С реки ветер донес собачий лай. Никита с удивлением поднял голову; с Амура прямо на него неслись нарты. Всмотревшись пристальнее, он узнал знакомых собак. Они принадлежали его приятелю, охотнику Петру Чипизубову.

— Здорово, Никита! — крикнул Чипизубов, останавливая свою свору.

— Здорово! Откуда гонишь? — протянул ему руку Никита.

— Изу Троицка. А ты что так шибко гнал собак? Так ни один хозяин по льду не ездит, а у тебя ведь неплохая свора, — указал Чипизубов на усталую упряжку Никиты.

— Тако дело, — махнул рукой Никита, — притом и не кормил я их сегодня. Нет ли у тебя чего?

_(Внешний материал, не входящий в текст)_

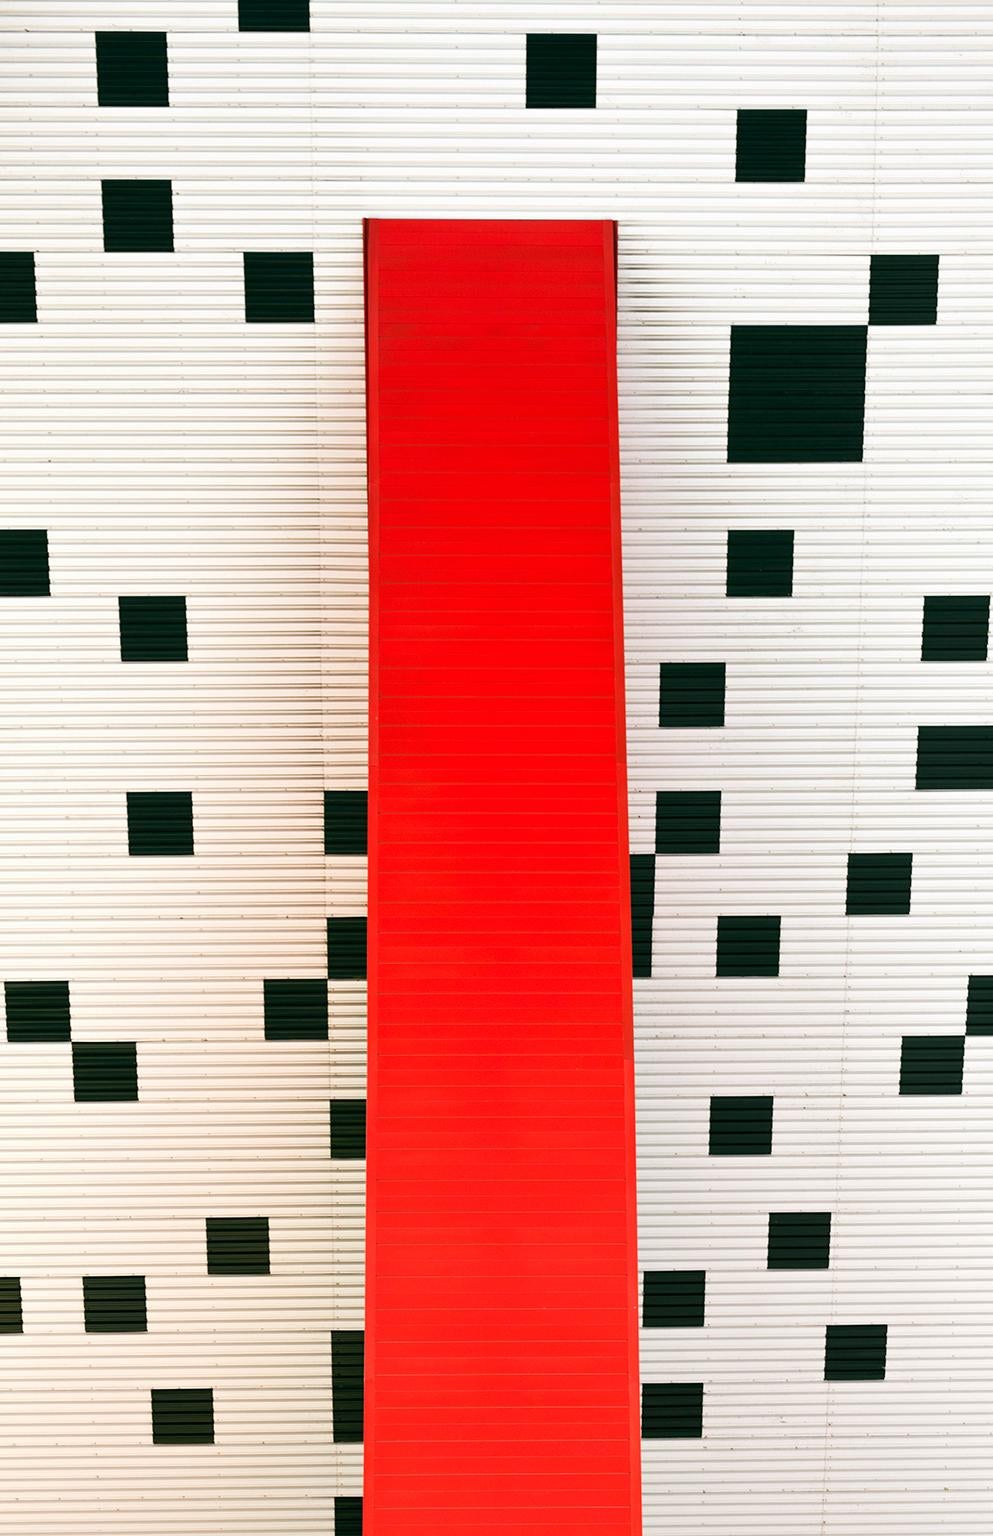  Cosmo Condina Color Photograph - Architectural Detail, Ontario College of Art, Toronto, Canada

— Не кормил, говоришь? — поднял на земляка глаза Чипизубов. — Пожалуй, я тебе дам, только немного. У самого еле-еле. — Он подошел к своим нартам, порылся в мешке и выкинул к ногам Никиты несколько небольших рыбин. Никита, разделив их между своими собаками, оставил себе мясистую голову горбуши. Он хотел было уже приняться за еду, но, заметив, с какой жадностью собаки пожирают мерзлую рыбу, оттянул «Сахалина» в сторону и незаметно от других сунул свою порцию.

— А ты на дороге тунгусов встретил?

— Встретил!

— Они везут в Хабаровск клюкву!..

— Ну, и что же?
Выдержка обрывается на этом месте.